On the other hand, with the aim of reducing the size and cost of the liquid crystal display device, the technology for integrating peripheral driving circuits on the same substrate as the liquid crystal display device has been developed. The peripheral drive circuit is
The vertical drive circuit scans the gates of the thin film transistors forming the active matrix array, and the horizontal drive circuit supplies image signals to pixels.

[0008] When displaying an image of a specific number of pixels by a specific scanning method, a shift register circuit is used as a scanning circuit used in a horizontal drive circuit. However, when a shift register circuit is used, the vertical and vertical speeds are limited due to the limitation of the circuit speed and the limitation of the writing frequency of the data signal.
During the horizontal blanking period, the upper and lower and left and right black display writing cannot be performed, respectively, and it is difficult to realize the above-described multi-sync liquid crystal display device.

At present, an address decoder is used in a scanning circuit for a horizontal drive circuit of a multi-sync liquid crystal display device. FIG. 12 shows the horizontal scanning circuit 1 of the horizontal driving circuit 103.
FIG. 4 is a diagram showing a configuration of a conventional liquid crystal display device using an address decoder in 04. As shown in the figure, the liquid crystal display device has an active matrix array 101 for displaying an image.
, A vertical drive circuit 102, and a horizontal drive circuit 103. A plurality of control signals for selecting the sample and hold switch 108 are input to the address decoder 105. The selected sample-and-hold switch writes the multi-phase expanded data signal to the data bus line for each block. Here, a case is shown in which video signals S1 to S16 developed in 16 phases are supplied. On the output side of the sample-and-hold switch 108, a sample-and-hold capacitor 109 for holding written data and writing the held data to the pixel electrode is usually provided.

FIG. 13 is a diagram showing an example of a conventional driving method of a liquid crystal display device using an address decoder in a horizontal driving circuit scanning circuit. Here, it is assumed that the vertical drive circuit is a circuit corresponding to a multi-sync liquid crystal display device. The number of signal lines is 1280. In this case, the number of control signals is A0, / A0 (/ represents inversion to a logic level), A1, / A1,..., A6, / A6.
It becomes 14 pieces. As shown in the figure, control signals A0, / A0, A1, / A1,.
A, A6, and / A6 receive a clock signal, and the clock cycle of A (i + 1) (i is an integer from 1 to 5) is twice the clock cycle of Ai. By inputting such a control signal, sampling pulse signals SP1, SP2,..., SP80 for sequentially scanning the control lines of the sample and hold switches can be obtained. As a result, at times t1, t2, t3,.
Video signals can be sampled in sequence at the timing of 80 and written to the data bus line.

If an address decoder is used, one or a plurality of control lines of an arbitrary sample-and-hold switch can be simultaneously selected according to a combination of logic levels of control signals. Therefore, in the upper and lower black writing periods during the vertical blanking period, all control lines of the sample and hold switch can be selected, and the time for upper and lower black display writing can be sufficiently long. Also, during the horizontal blanking period, the sample and hold switches corresponding to the left and right black display areas can be simultaneously selected,
The time for black writing on the left and right can be sufficiently long. For these reasons, an address decoder is used in a scanning circuit for a horizontal drive circuit of a multi-sync liquid crystal display device.

[0012]

As shown in FIG. 12, in a conventional multi-sync liquid crystal display device, an address decoder is used in a scanning circuit for a horizontal drive circuit. However, in the case of an address decoder, the number of control lines increases as the number of signal lines increases and the number of video signal developments decreases. Therefore, problems such as an increase in the size of a liquid crystal display module and an increase in cost arise. For example, when the number of signal lines is 1280 and a video signal developed in 16 phases is input, 14 control terminals are required. Further, even if the number of signal lines is the same as 1280, when an 8-phase expanded video signal is input, 16 control terminals are required.

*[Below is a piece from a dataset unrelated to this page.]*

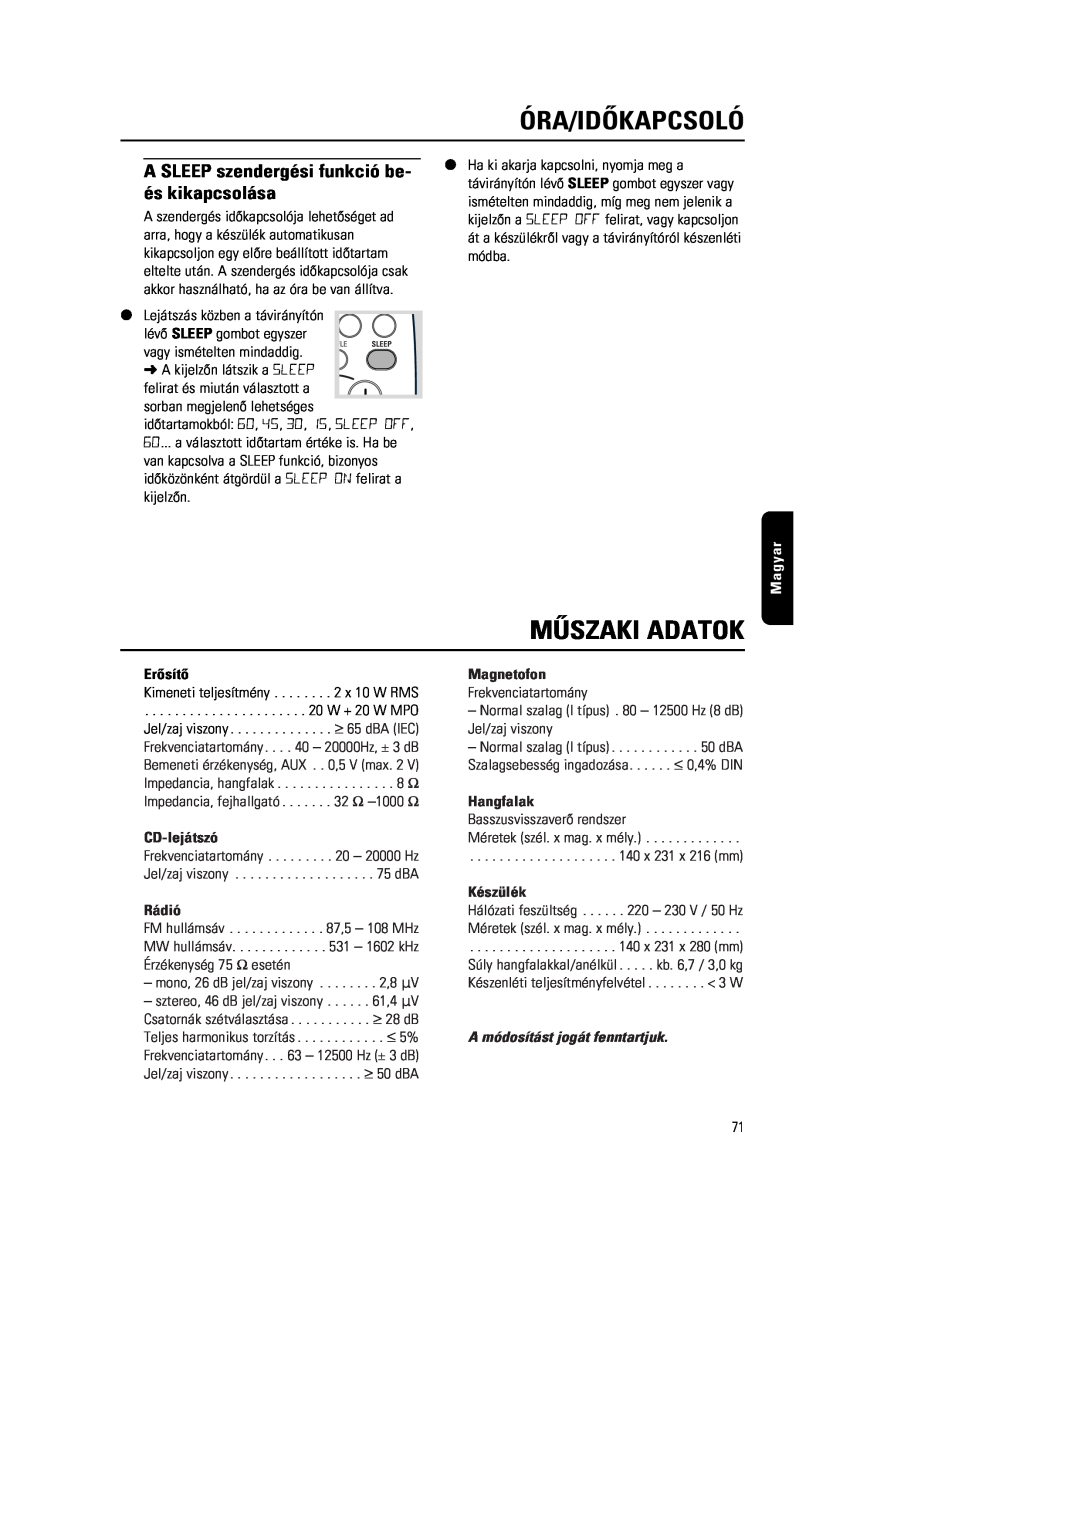 Philips MG222 Mûszaki Adatok, A SLEEP szendergési funkció be- és kikapcsolása, A módosítást jogát fenntartjuk, Magyar 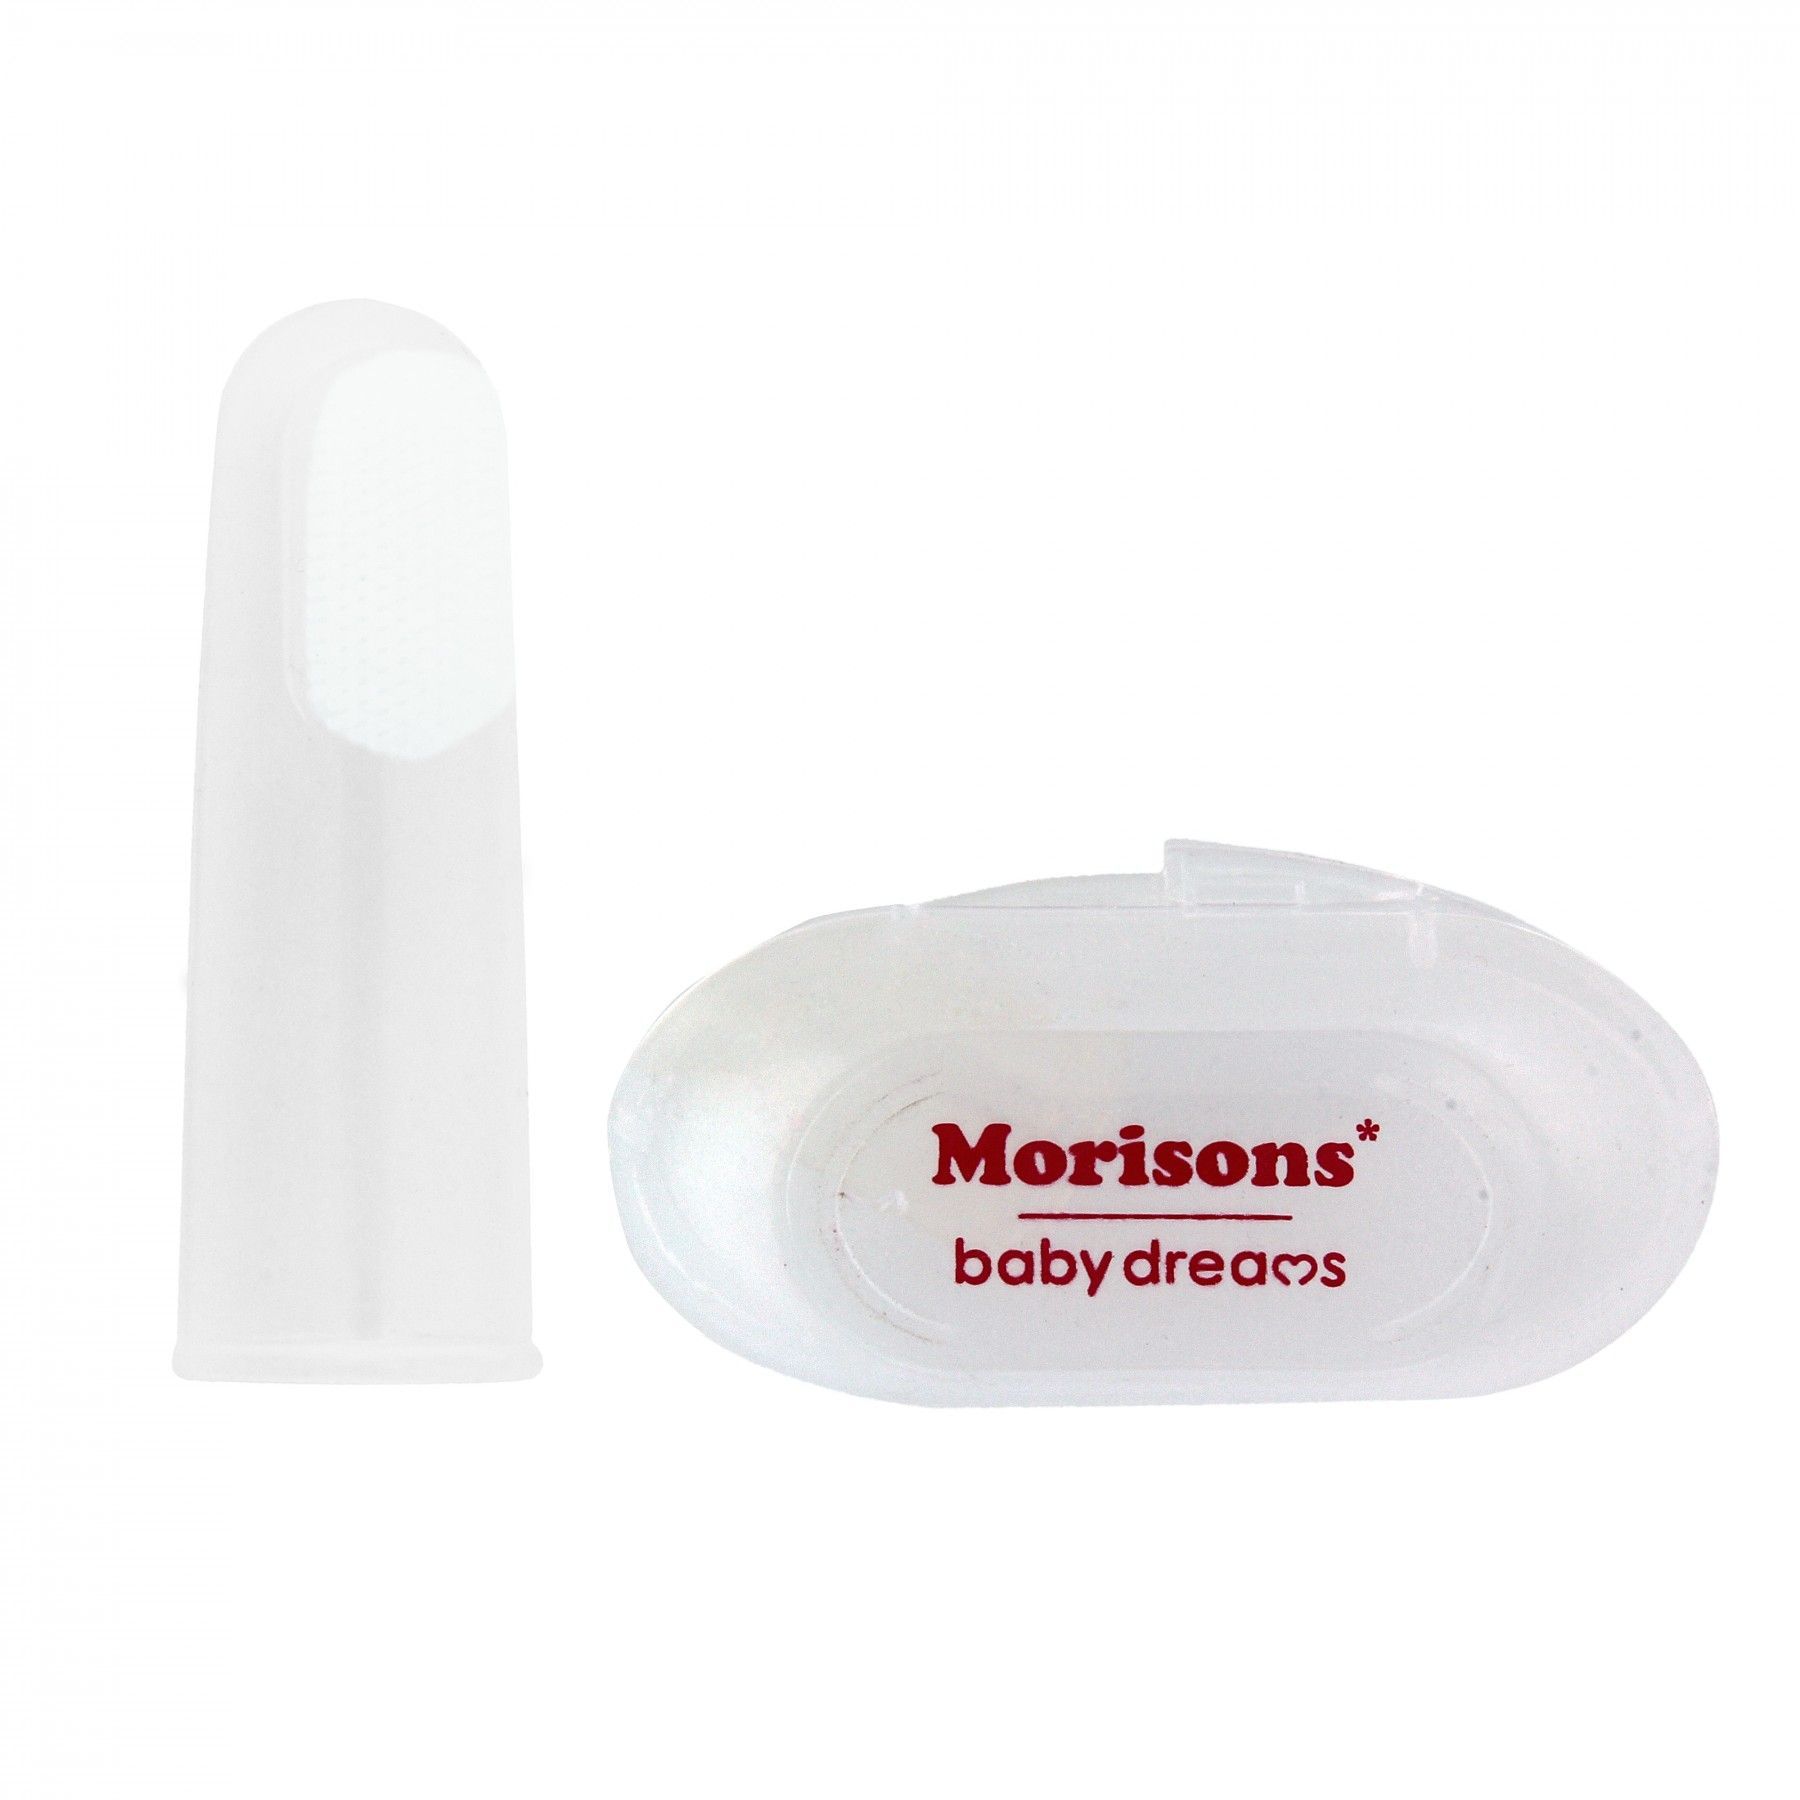 Morisons Baby Dream Teething Finger Brush With Hygiene Case

Since the address decoder has a large number of control signals as described above and selects an address according to a combination of the logic levels of the control signals, noise is generated in the output signal due to noise between the control signals and a timing shift. There is also a problem that it is easy to do.

On the other hand, in a liquid crystal display device using a shift register for a horizontal drive circuit scanning circuit, the number of clock signal terminals and input signal terminals required for driving the shift register is independent of the number of scanning lines. Although a total of about three lines is sufficient, as described above, the shift register cannot cope with the multi-sync liquid crystal display device due to the limitation of the circuit speed and the limitation of the data signal writing frequency.

SUMMARY OF THE INVENTION An object of the present invention is to solve the above-mentioned problems by significantly reducing the number of control signal terminals for driving a scanning circuit for a horizontal drive circuit as compared with an address decoder, and to reduce noise in an output signal. It is an object of the present invention to provide a small-sized, low-cost multi-sync liquid crystal display device which does not cause the problem and a driving method thereof.

[0016]

According to a first aspect of the present invention, there is provided an active matrix array in which switching elements are arranged at intersections of a plurality of scanning lines and a plurality of signal lines, a vertical drive circuit for driving the scanning lines, In a liquid crystal display device comprising a horizontal drive circuit for driving the signal line, the horizontal drive circuit sequentially shifts a pulse signal by a half cycle of a clock signal and outputs the shifted signal (N is a positive integer). And M
The first control terminals are connected in common for every number (M is an integer of 2 or more), and the commonly connected control terminals are connected to the N output terminals of the scanning circuit, respectively, and (2 × M
-1) (N × M) first logic gate circuits, each of which is commonly connected to a second control terminal, and the first control terminal is connected to an output terminal of the first logic gate circuit. Connected (N × M) second logic gate circuits whose second control terminals are commonly connected, and control terminals are commonly connected every J (J is a positive integer). The input terminal is connected to the output terminal of the second logic gate circuit and the input terminal is (J-
1) It is characterized by comprising (N × M) sample hold switches commonly connected every other.

According to a second aspect of the invention, in the liquid crystal display device according to the first aspect, the first and second logic gate circuits are two-input NAND circuits.

According to a third aspect of the invention, in the liquid crystal display device according to the first aspect, the scanning circuit includes means for shifting a pulse signal bidirectionally.

According to a fourth aspect of the present invention, in the first, second or third driving method of the liquid crystal display device, when the sampling period of the video signal input to the liquid crystal display device is T, the period is (2 × M × T) is input to the scanning circuit, and the pulse width is larger than 0 ((M + 1) × T) or less, the pulse period is (2 × M × T), and the phase is sequentially shifted by T. 2 × M) pulse signals A1, A
2,..., A (2 × M) are replaced with the (N × M) first
Control terminals D1, D2, D3 of the logic gate circuit of
, D (2 × M) in order, and the output of the first logic gate circuit reflects the signal reflected on the output of the second logic gate circuit as the second logic It is characterized in that it is driven by being input to a second control terminal of the gate circuit.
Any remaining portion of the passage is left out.